Why This Matters for Security Teams
Phishing and social engineering still work because mature IAM programmes often optimise for authentication success, not for trustworthy intent. A valid session, a correctly entered one-time code, or a pushed approval can still be captured under false authority. That gap matters more in environments that rely on MFA fatigue, help desk resets, or delegated approvals than in environments that rely on passwords alone. The issue is not that IAM is broken; it is that human trust remains the weakest policy input.
NIST’s NIST SP 800-63 Digital Identity Guidelines makes clear that identity proofing, authentication, and verifier binding are separate problems, yet many programmes still collapse them operationally. NHIMG’s The State of Secrets in AppSec shows how confidence in controls can outpace actual resilience, especially when access decisions depend on people recognizing deception in real time. In practice, many security teams encounter compromise only after a user has already legitimized the attacker through an approved prompt, reset flow, or support interaction.
How It Works in Practice
Successful phishing usually exploits the moment where trust is converted into privilege. Attackers do not need to defeat the entire IAM stack if they can convince a user to surrender a code, approve an unexpected prompt, or follow a link that initiates a session with the wrong party in the loop. Once that happens, downstream controls often see a legitimate identity and a valid token, not a deception event.
That is why mature programmes increasingly pair strong authentication with phishing-resistant methods, session risk scoring, and tighter recovery workflows. The practical goal is to reduce the number of situations where a user can unilaterally validate a malicious request. Useful countermeasures include:
- Phishing-resistant MFA, especially where session binding and origin checking are supported.
- Help desk verification steps that do not rely on easily replayed personal data.
- Step-up authentication for sensitive actions such as device enrollment, recovery, and privilege elevation.

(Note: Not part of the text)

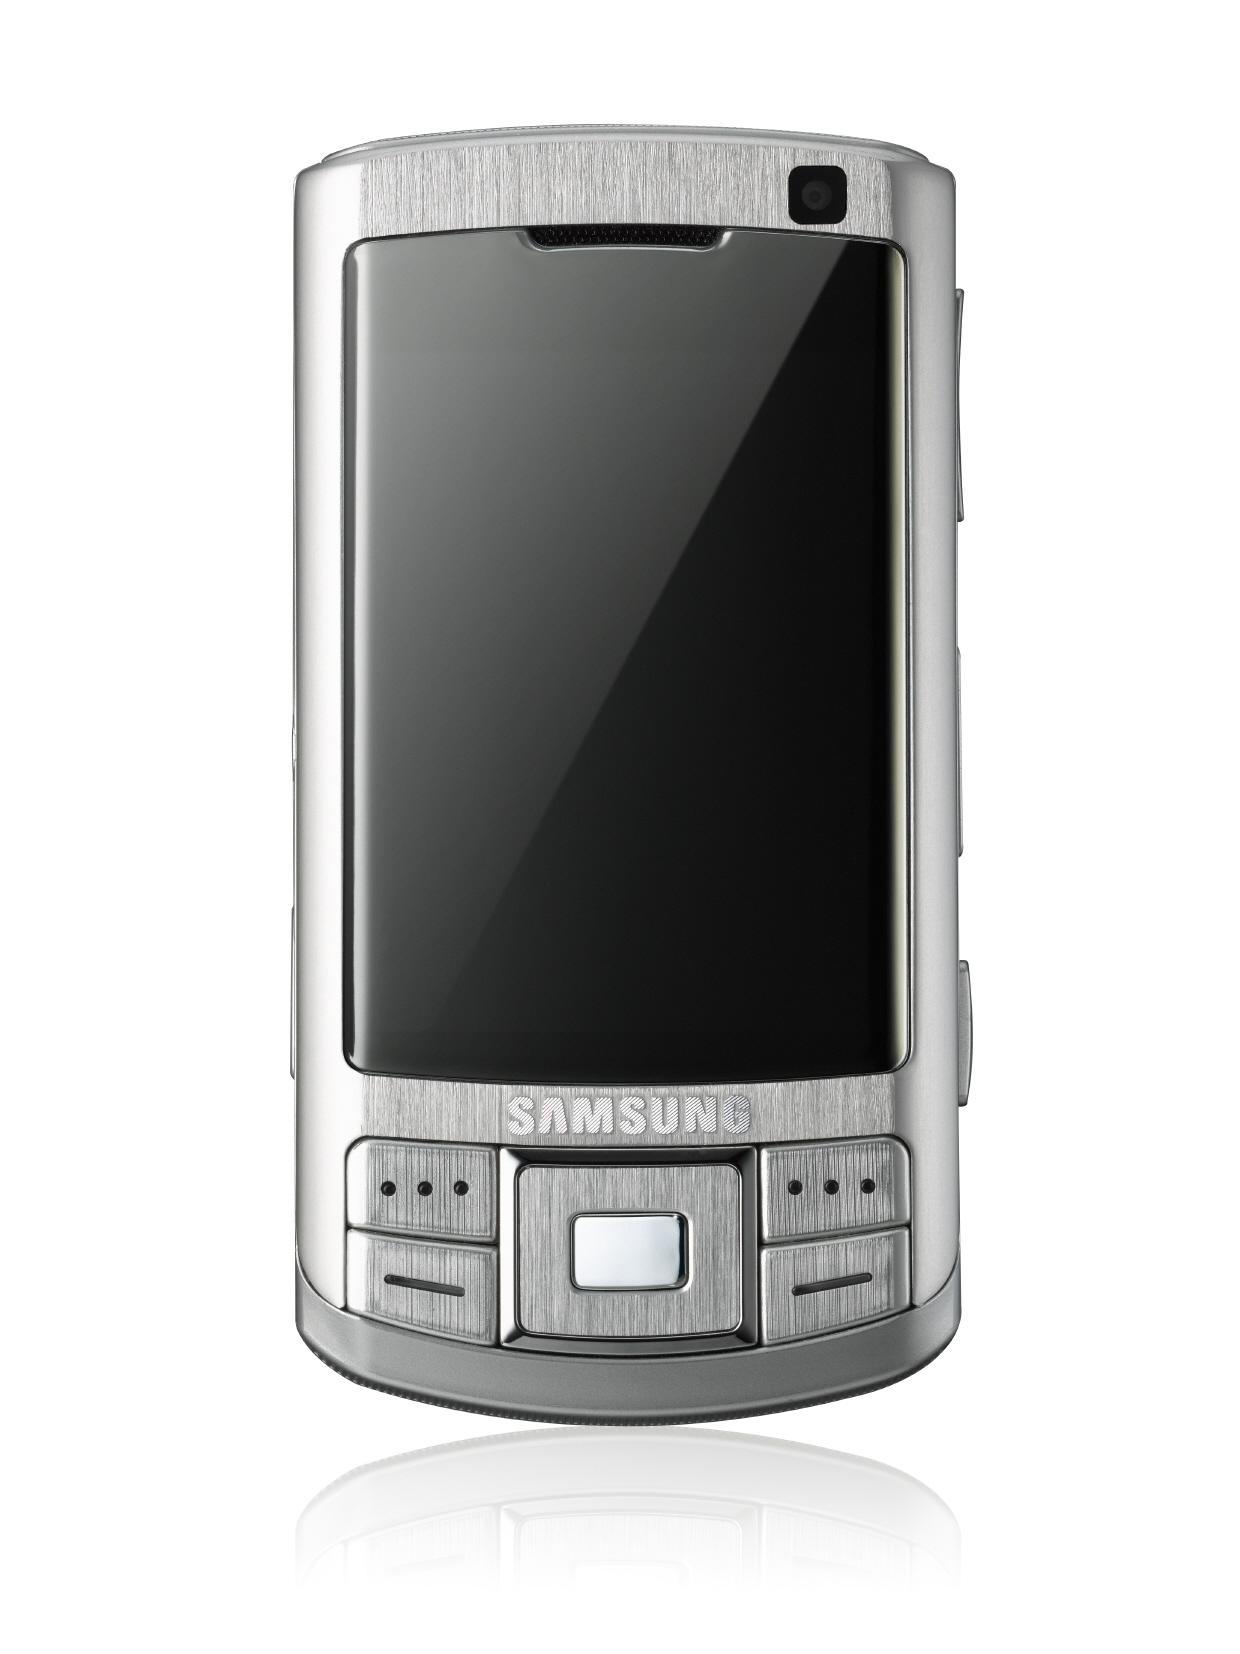 Celulares Baratos Celulares Y Telfonos Mercadolibre

- Continuous session monitoring so anomalous token use can be challenged after login.
- Out-of-band confirmation for high-risk changes, ideally through a separate trusted channel.
NHIMG research such as the DeepSeek breach illustrates a broader pattern: once attackers obtain a valid trust path, they move quickly and exploit what appears to be normal administrative behaviour. That same dynamic appears in identity attacks where the credential is not stolen first, but socially obtained. These controls tend to break down in high-friction environments where support teams are pressured to restore access quickly because urgency repeatedly overrides verification.
Common Variations and Edge Cases
Tighter identity controls often increase user friction and help desk workload, requiring organisations to balance fraud resistance against recovery speed and business continuity. Best practice is evolving here, and there is no universal standard for the exact mix of controls that will stop every phishing path.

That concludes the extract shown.